# Thinking about a White Shepherd puppy! Advice Please :)



## Clover (Apr 5, 2010)

Hi there!

I'm new to the board. My partner and I are planning on getting a puppy soon-ish, and a White Shepherd is very high on our list of candidates. I've had several dogs throughout my life, most recently a Dalmatian who passed away last year at the age of 15 and a half.

I was hoping to find out a few things about the breed from real people who live with them as opposed to interweb generalities and breeder info exclusively.

First off, we have two cats. One of them is almost 15 and the other is barely 9 months old - so the most important deciding factor is a dog who can be trusted with furballs whizzing by at top speed without the intense desire to eat them. My Dal slept in a pile of cats next to me and I utterly trusted her with them when I was out of the house. What are White Shepherds like with cats/kittens?? Does anyone have any positive or perhaps not so positive experiences to share?

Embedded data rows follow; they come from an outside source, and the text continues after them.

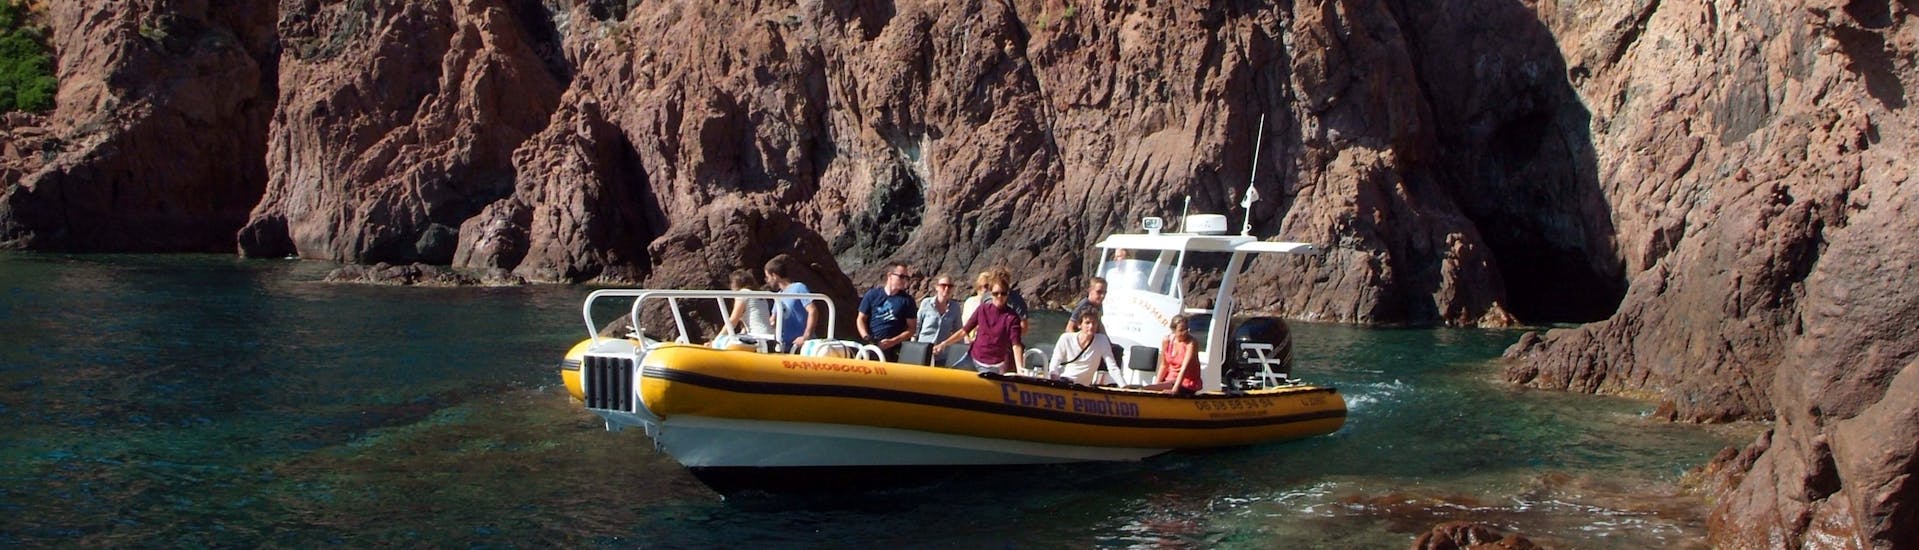 La barca vicino alle formazioni rocciose durante la gita in barca alle Calanques di Piana e Capo Rosso da Porto con Corse Émotion.
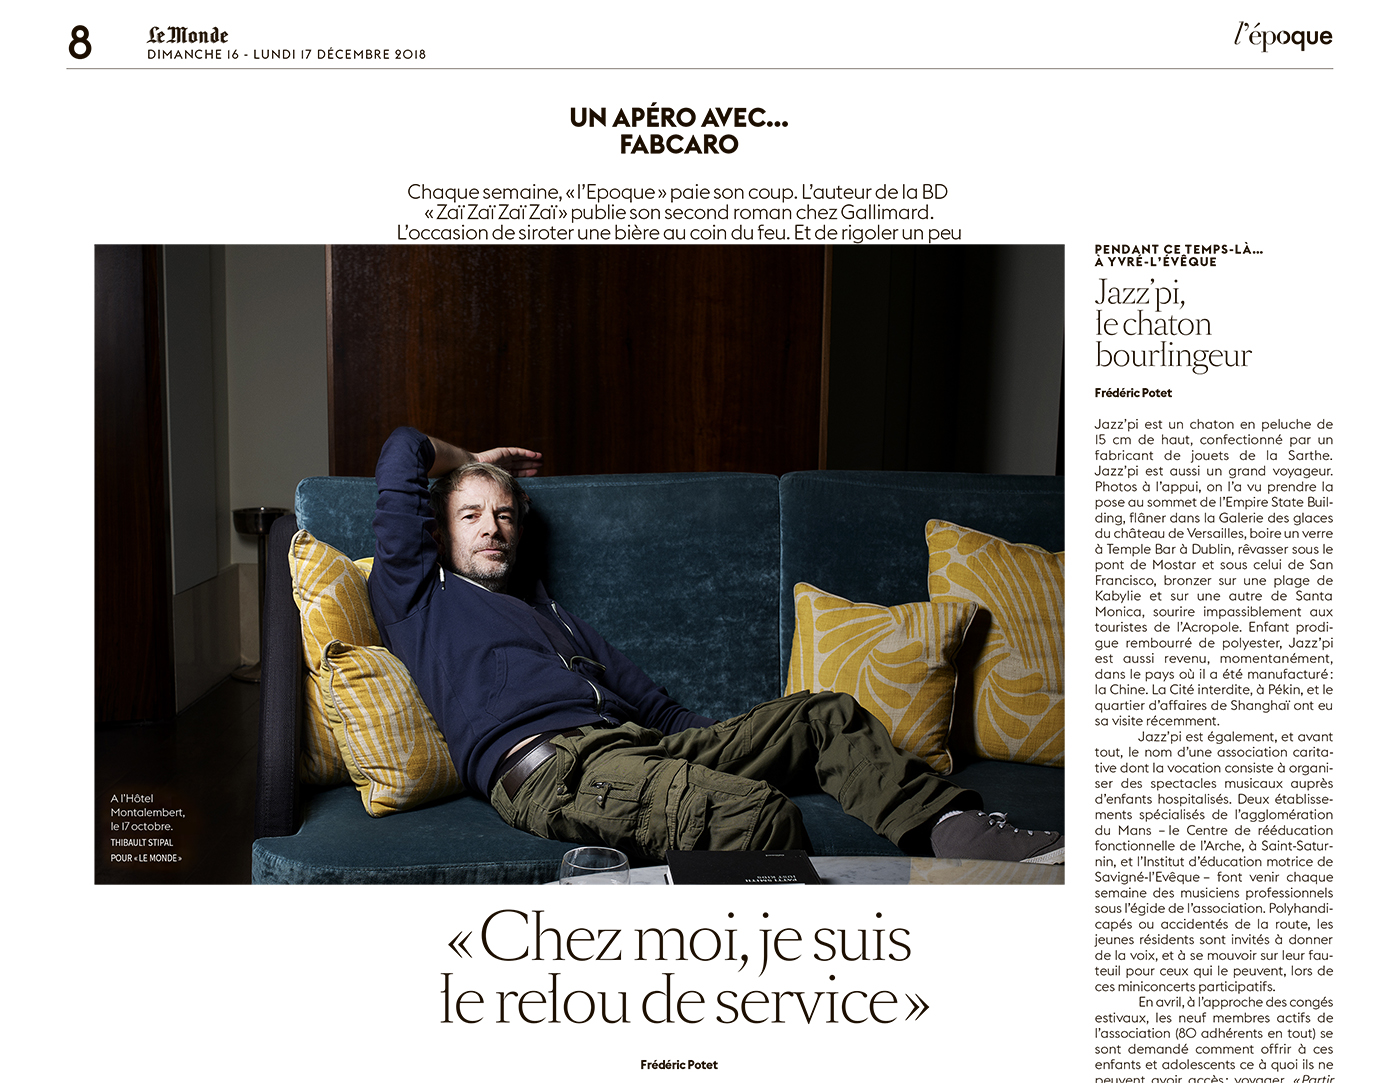 Thibault Stipal - Photographe - Le Monde - 1
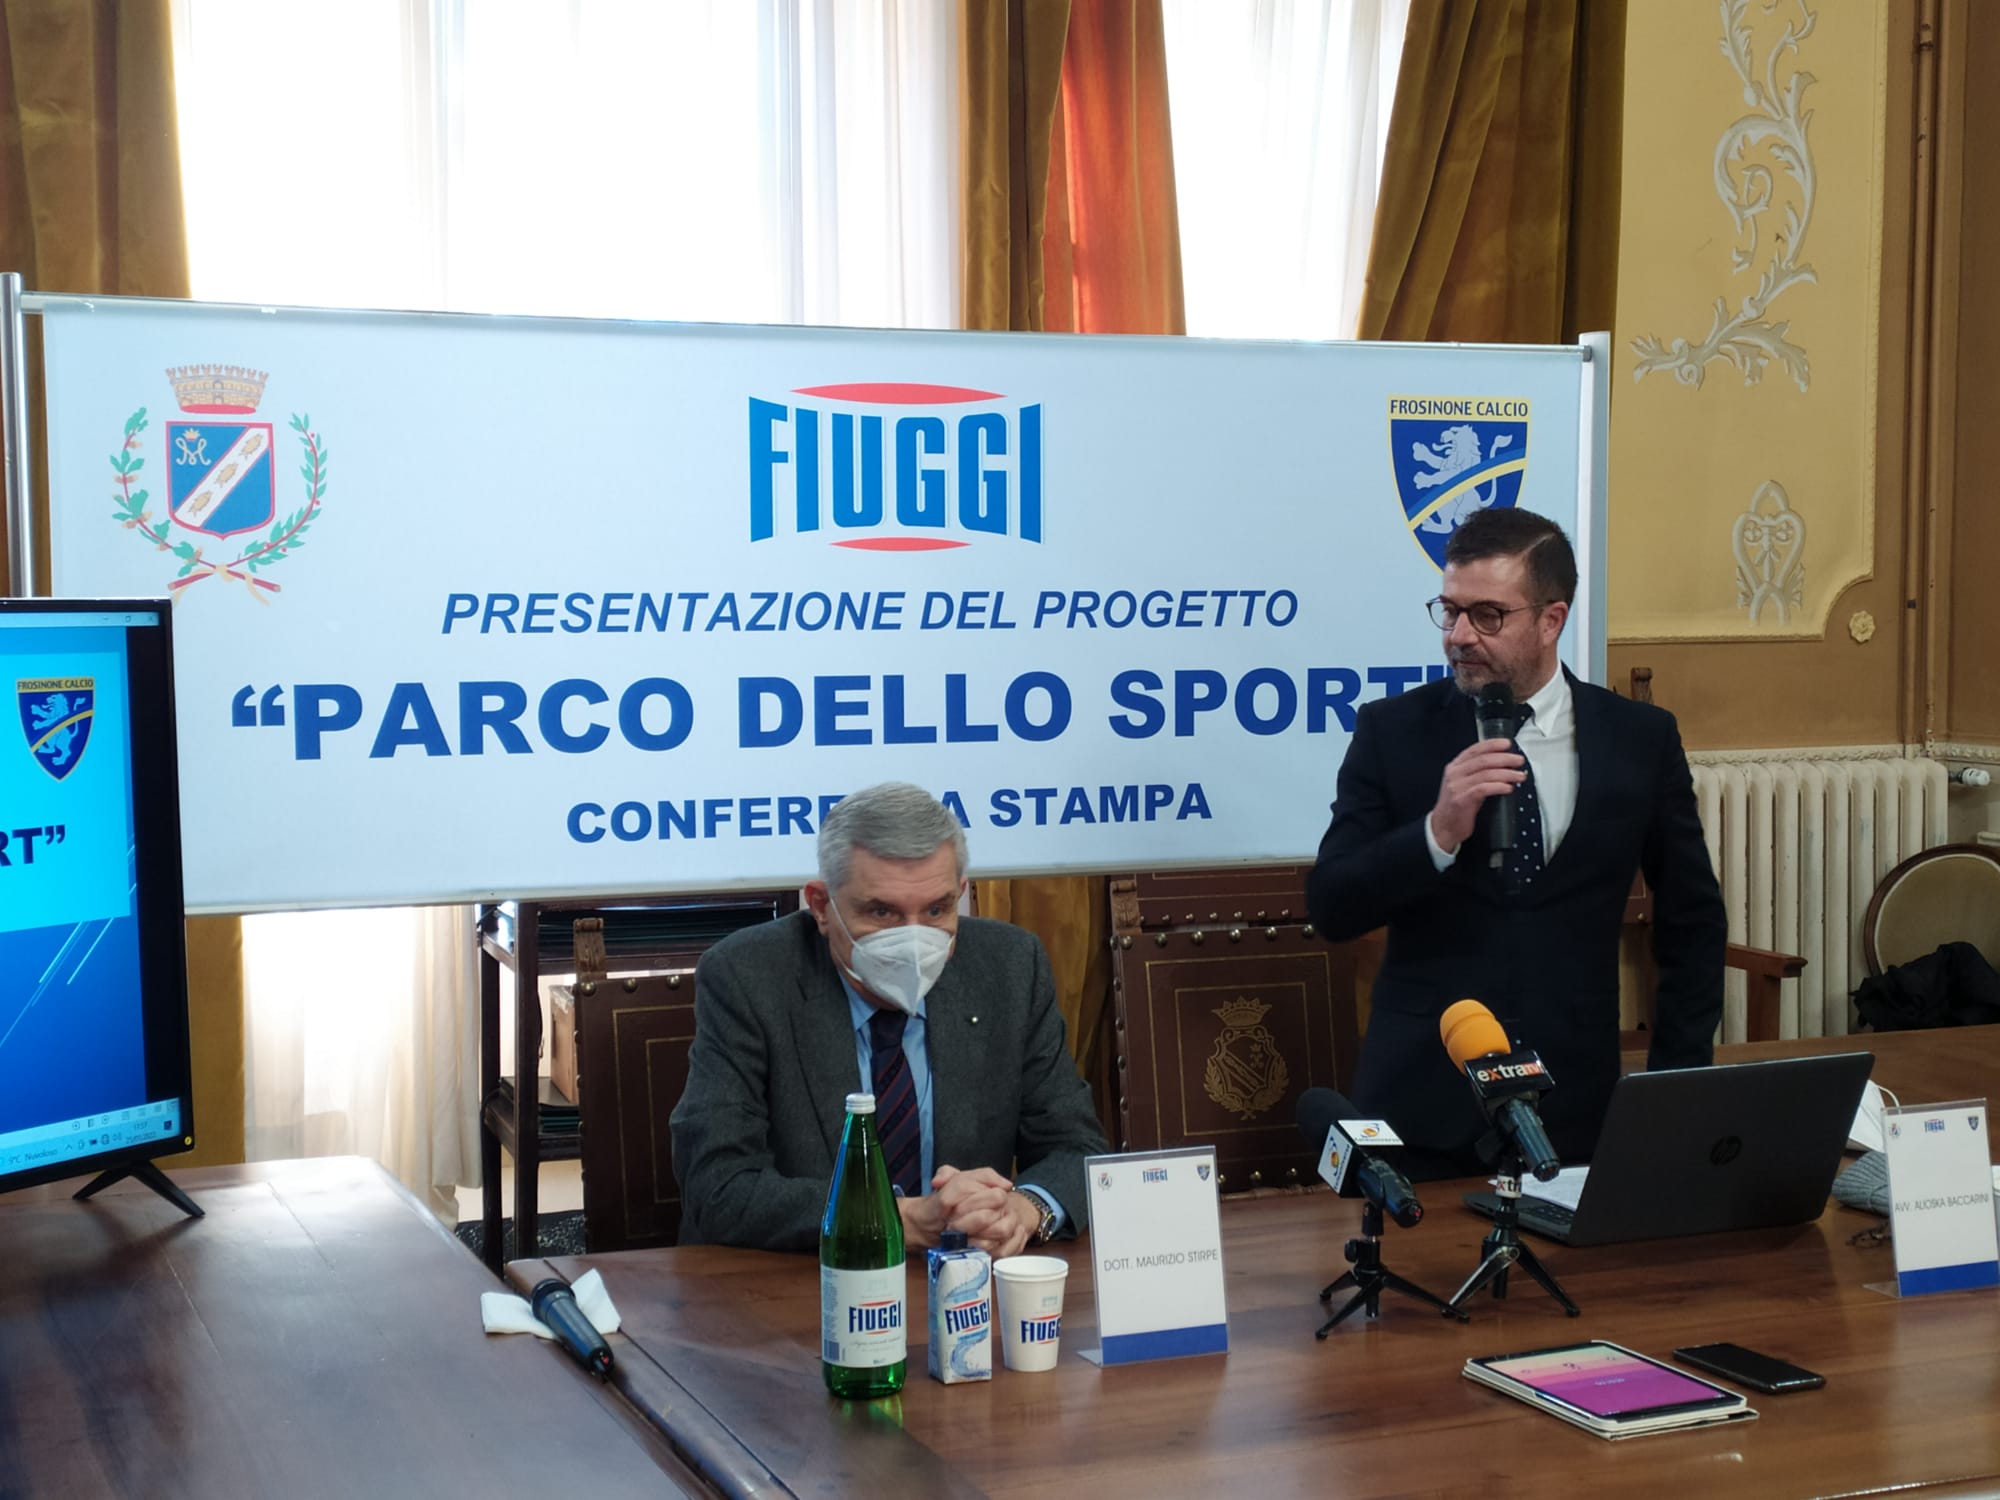 Fiuggi Presentato il Parco dello Sport Progetto del Frosinone calcio

Secondly, we will be moving to a large, 3 floor apartment before we get our pup. It's in a house and has lots of space (more space than the house we live in now, actually) however we will not have a yard anymore, just a big deck on the 2nd floor and a front porch. We will be living near many parks, both off-leash and otherwise) and as well we have a cottage on a lake we will visit for much of the summer. Additionally, we work opposite hours so I am home for a large part of the day and my partner is home in the evenings while I am out. Given our circumstances, would a White Shepherd fit our lifestyle?

And finally, the only other question I have (besides wondering if a White Shepherd can out-shed a Dalmatian) is what White Sheps are like personality wise...in general I suppose. They seem very sweet, very intelligent and probably great with kids, but like I said, I'd love to hear it from people who actually live with one.

Thanks!


----------



## MaggieRoseLee (Aug 17, 2001)

Welcome to the site!

Think a white GSD would be fine for you. ALL GSD's shed alot, so you need to be aware of that. 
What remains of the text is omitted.